To illustrate how some of the challenges Metcalf described play out in actual international collaborations, Ghassem Asrar, director of the Joint Global Change Research Institute of the Pacific Northwest National Laboratory, presented three examples from the world of environmental monitoring, modeling, and prediction. He began by noting that the need for science-based information for defining policies and practices continues to grow, especially as it pertains to complex systems, such as Earth’s environment, climate, and weather that are difficult to unravel by looking at each component independently. By necessity, he said, those kinds of problems require multiple disciplines to come together to define the problem, devise experiments or methodologies to answer those questions, and then use the common goals and objectives to convince the nations that have
a stake in these efforts to provide the resources and the support to nominally accomplish those stated objectives. Over the course of five decades, the international environmental sciences community has retooled and reorganized itself to parse the enormous complexity of the planetary ecosystem into its logical, disciplinary, and often local components and then work collaboratively, across international boundaries, to integrate the pieces of knowledge and produce holistic answers to the questions it is pursuing.

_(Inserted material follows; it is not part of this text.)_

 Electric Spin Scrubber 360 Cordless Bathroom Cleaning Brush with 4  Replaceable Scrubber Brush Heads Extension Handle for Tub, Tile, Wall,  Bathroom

While research can glean important insights through retrospective analysis of existing data, some of the most important questions regard future trajectories and possible consequences of current actions, said Asrar. To address those questions, researchers depend on models to provide some notion of what might happen in the future. The results of those projections are themselves treated as data, which raises issues with how to treat derived information from models that are imperfect, abstract representations of reality. Modeling, though, requires data, and data come from observations. In the environmental sciences, observational technology has changed dramatically over the past five decades, introducing an additional element of complexity that must be considered when developing experiments and the policies and practices for using the data generated by these technologies, said Asrar. Adding to the technological complexity is the fact that different nations use different technologies and different approaches to collect data, creating the challenge of establishing best practices for collecting, curating, processing, and ultimately managing and sharing data so that all nations can use these data in a consistent manner.

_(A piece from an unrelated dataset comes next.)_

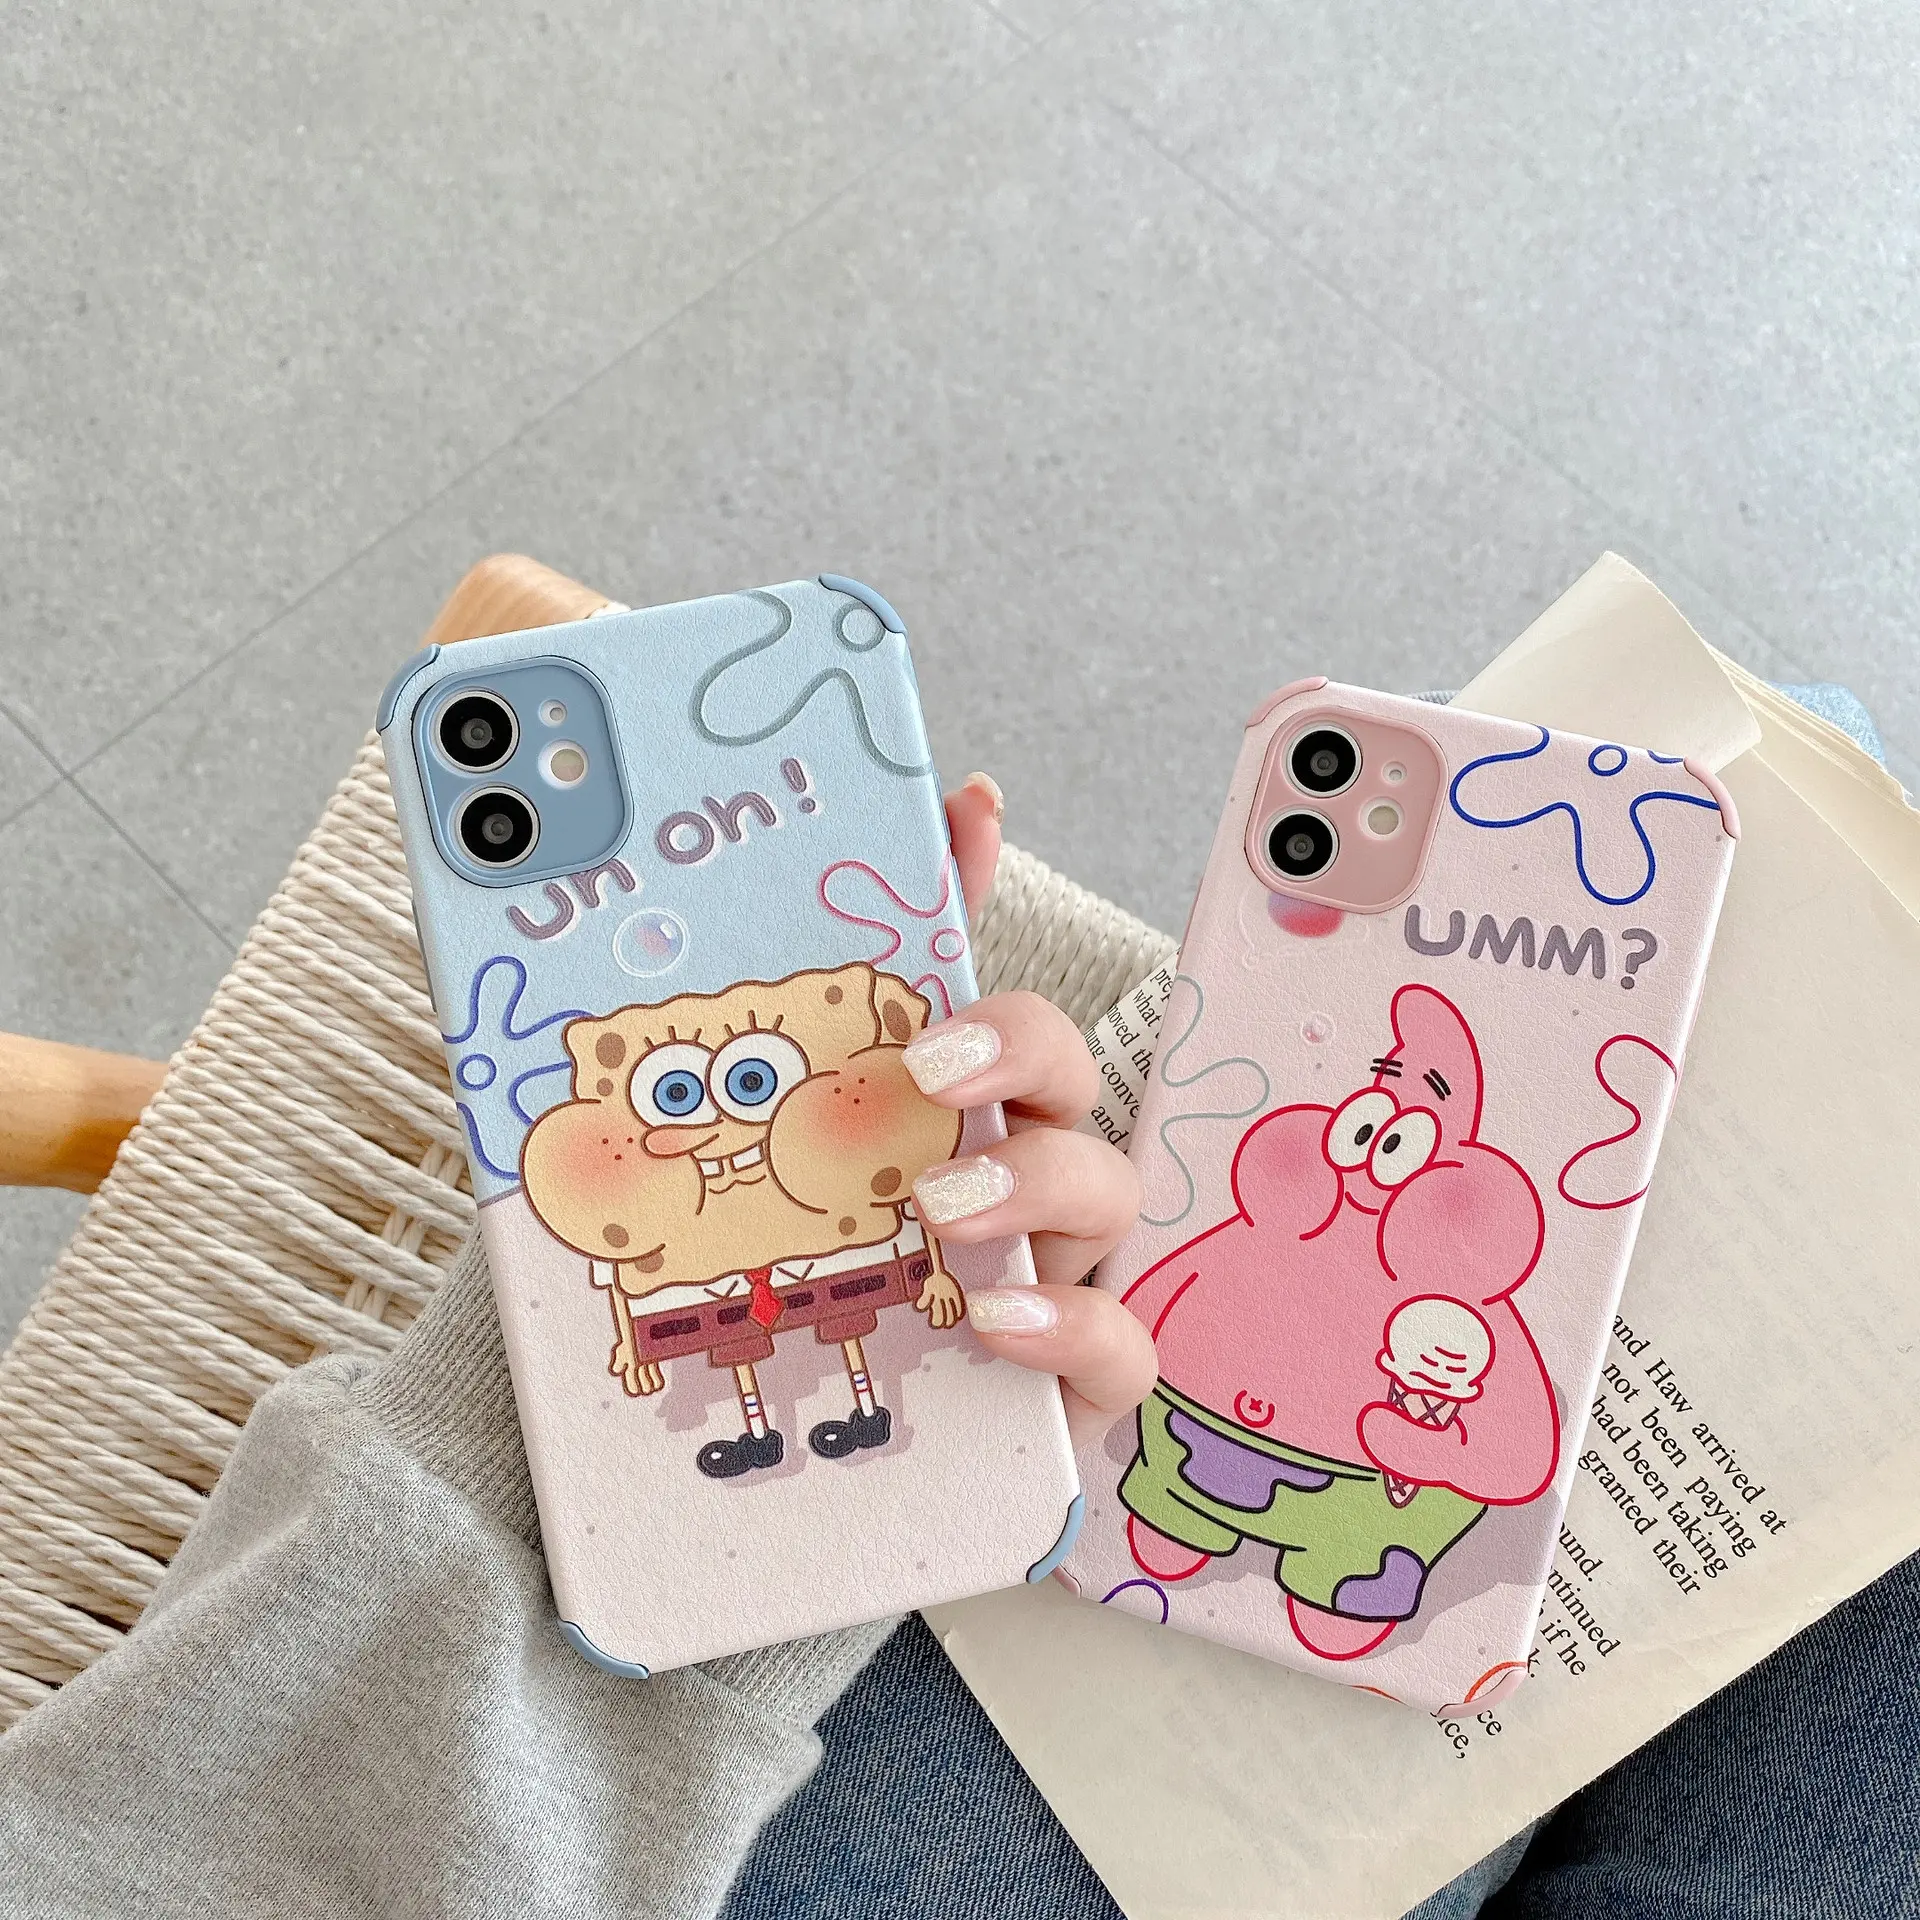 2021 for iPhone case TPU soft slim protective cover for iPhone 11 Xs max 7 8 plus for iPhone 12 case print SpongeBob SquarePants

Asrar listed several scientific and technical challenges that were considered when defining the data sharing policies and practices that the nations participating in global environmental studies had to agree on so that the knowledge derived from those data would be useful for its intended purpose. These challenges included the multiple scales of time and space over which the data are generated and multiple sources of those data; the complex nature of the system and the feed-backs among its components; the uncertainty in the measurements and analyses; the need for data validation, quality assurance, curation, stewardship, dissemination, and sharing; national differences in computation, visualization, and analytical capabilities; and a lack of data, particularly regarding socioeconomics.
One way the environmental sciences community was able to manage these technical complexities and create an integrated system was through the information management system it created. In addition, the community worked to implement best practices and policies for every component of the system, both upstream for collecting the data and downstream for the use of the data, and to resolve issues involving intellectual property and data ownership, said Asrar. In the end, after 20-plus years of discussion, debate, and negotiation, an international body of close to 115 organizations emerged—the Group on Earth Observations (GEO)—that agreed to adopt one set of practices and policies that would enable every nation, including those with advanced and less sophisticated technological capabilities, to use the end results.
The result of that process is the Global Earth Observing System of Systems (GEOSS) platform and a set of data sharing principles that includes full and open data exchange as the default condition, the generation of data and products with minimum time delay and at minimum costs, and reproduction of data at no cost. In its 12 years of operation, GEOSS has generated over 400 million observations from over 5,000 data providers covering all seven continents, produced over 170 brokered catalogs, and informed 60 projects. In 2016, users made nearly 4.5 million inquiries of data from the GEOSS platform. In 2015, GEO issued an assessment of the benefits that resulted when the U.S. government decided to enable free open access to data from its Landsat satellites (International Council for Science Committee on Data for Science and Technology, 2015). “This is the type of analysis this group has been using for convincing the governments and entities to share their data and information for the good of all involved and the rest of the world,” said Asrar.
The World Meteorological Organization (WMO), the United Nations’ specialized agency on weather, climate, and water, has existed in some form since 1873, and it coordinates the work of 200,000 national meteorological and hydrological experts and a global observing network of more than 10,000 stations and operational weather satellites. Data come from surface observations, balloon soundings, ocean weather stations, and satellites and include air quality and greenhouse gas measurements. WMO both coordinates among the nations who contribute data and knowledge and shares the weather forecasts that are the product of the network’s observations and models.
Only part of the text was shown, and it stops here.